What is the meaning of technology though? Is technology simply instrumental? What does it mean to think technologically and how does this way of thinking play out in our social and political spheres? Being confronted with large social and political issues today, we often see technology as a saving grace, but can it offer solutions to the problems we face?
In this series of lectures, we hope to raise questions about what technology is, and how it shapes our visions of the future. Will technology allow us to realise a better future or, as some have suggested, is it leading us into a “new dark age”?
In this series of lectures, we hope to open up a space of dialogue in order to engage with the way technology is shaping our modern world. Throughout we will discuss the possibility of seeing our shared future differently.

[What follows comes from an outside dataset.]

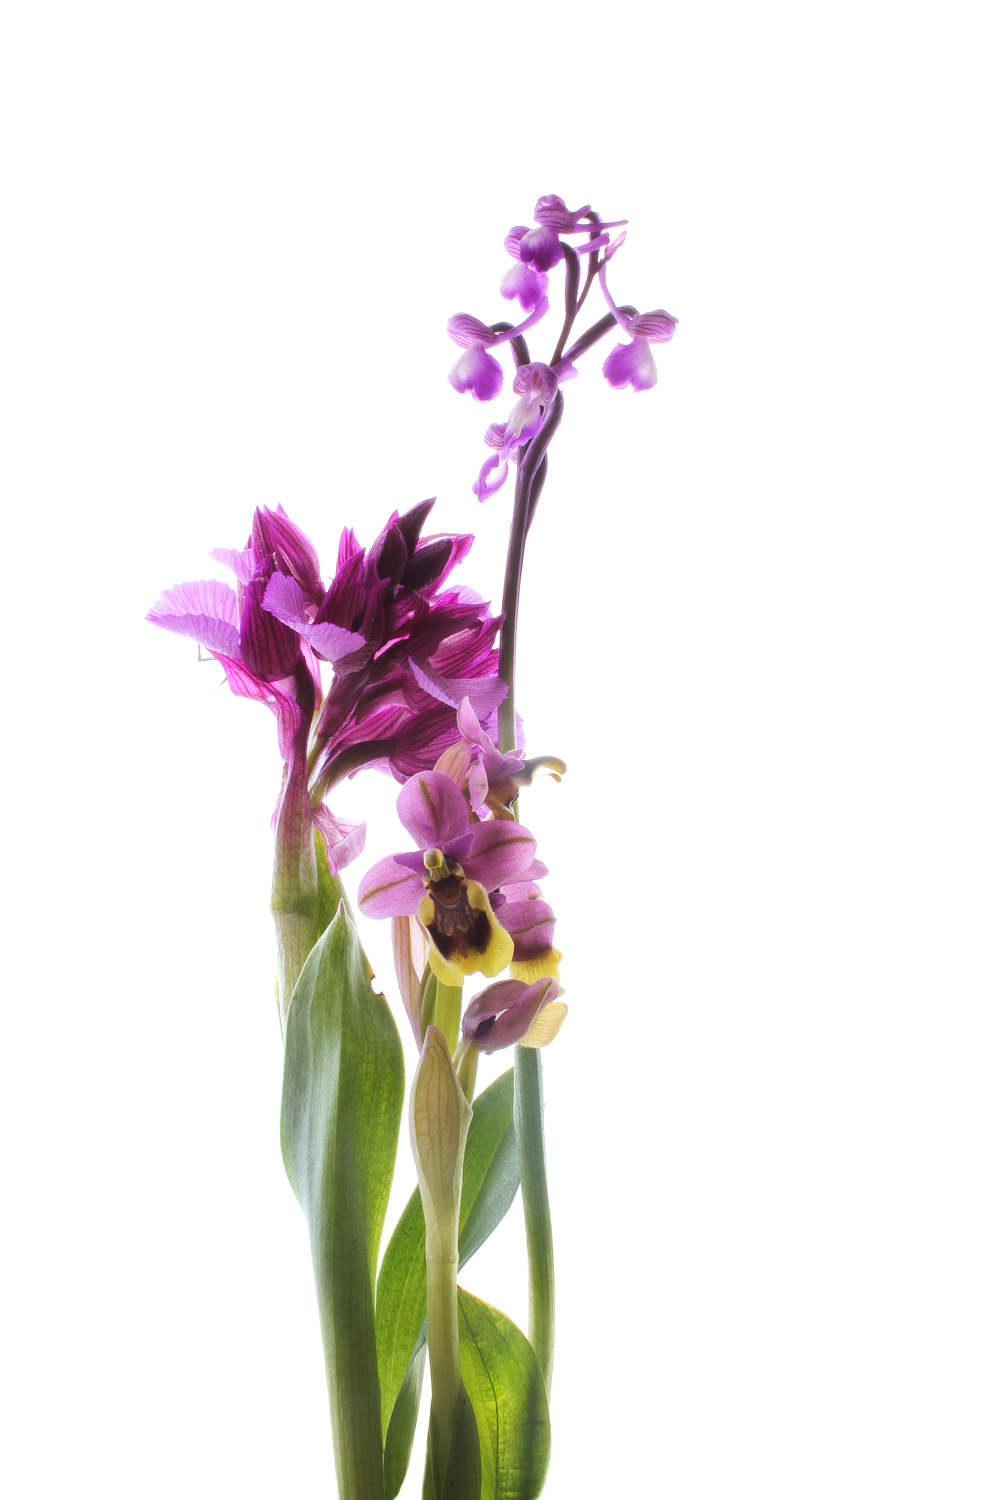 647 orquídeas
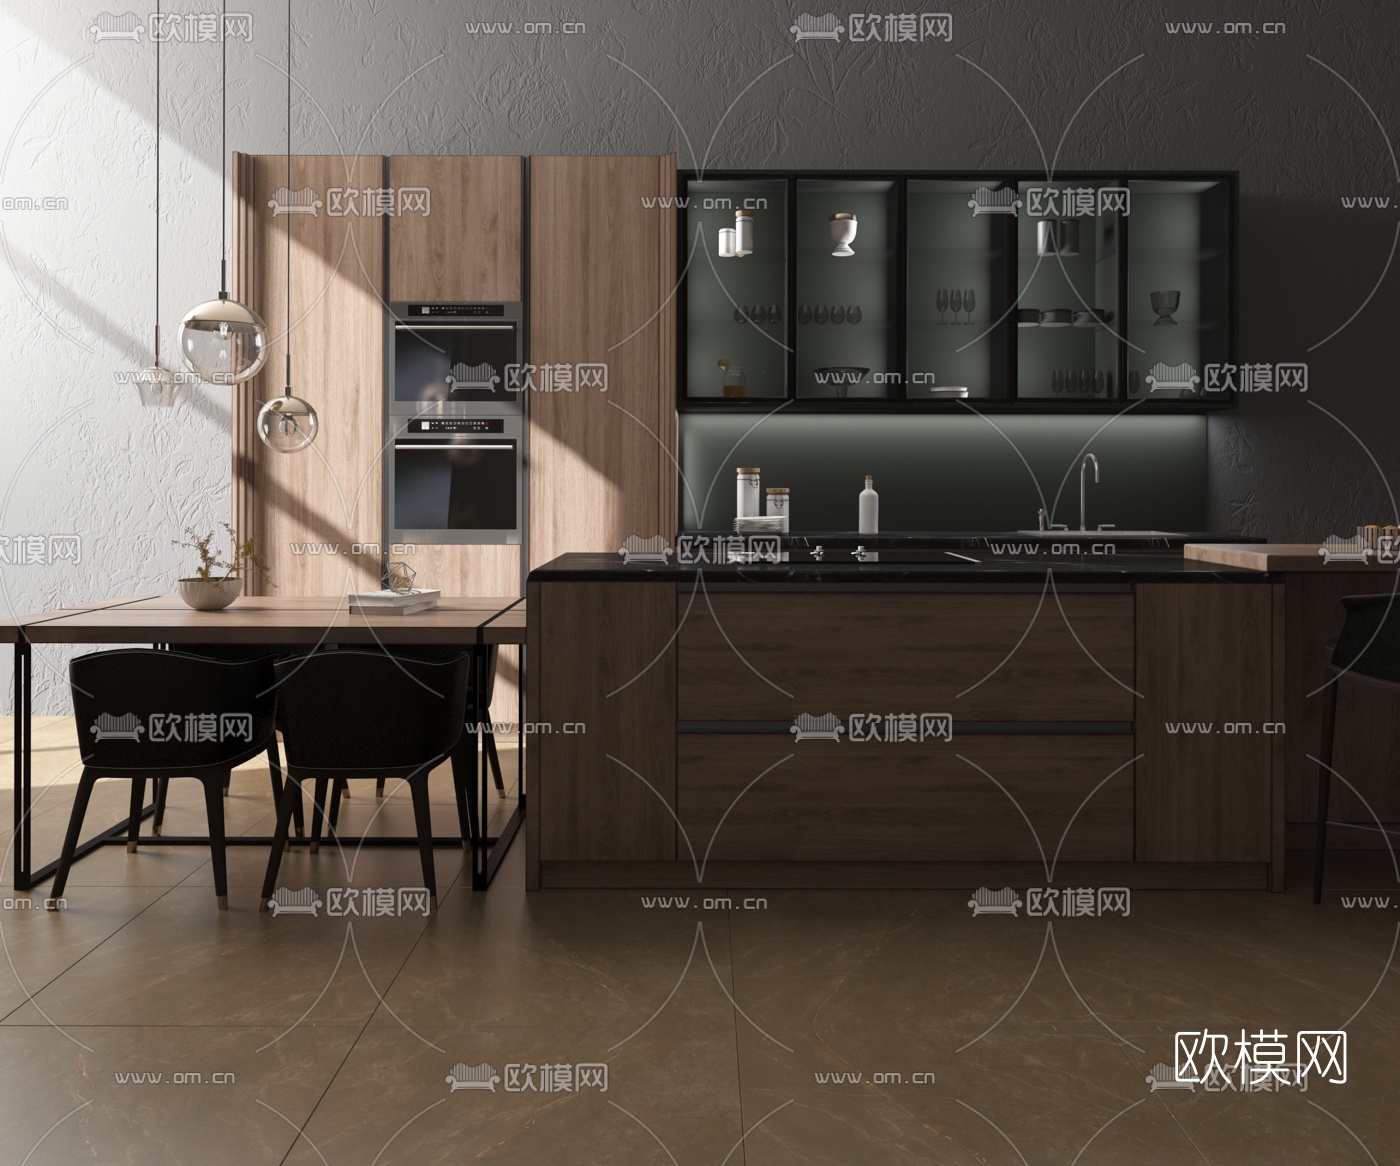 现代轻奢厨房- 建E网3D模型下载网

Each lecture will last roughly one hour and will be followed by questions and conversation. We invite you to join us for a night of ideas, discussion and drinks as we ask what it means to be human in the modern world.
Part 6 of 6, 2 September 2019
The Ghosts of Utopias: Past, Present, and Future
Dr Mark Jennings
LECTURE ABSTRACT: Both before and after Thomas More wrote his “little, true book” describing the inhabitants of the island of “Utopia” (literally “no such place”), people have been attempting to realise ideal visions of life together. More was writing satirically and critically, yet his work is animated by an ideal vision that is grounded upon … something. What is the history of our ideas about utopia? Rambling through the Judeo-Christian tradition, the thought of the Classical Greeks, the Renaissance, and finally arriving at modernity, in this session we will try to comprehend some of this history. Perhaps this can help us diagnose the world we find ourselves in, and possibly imagine another one.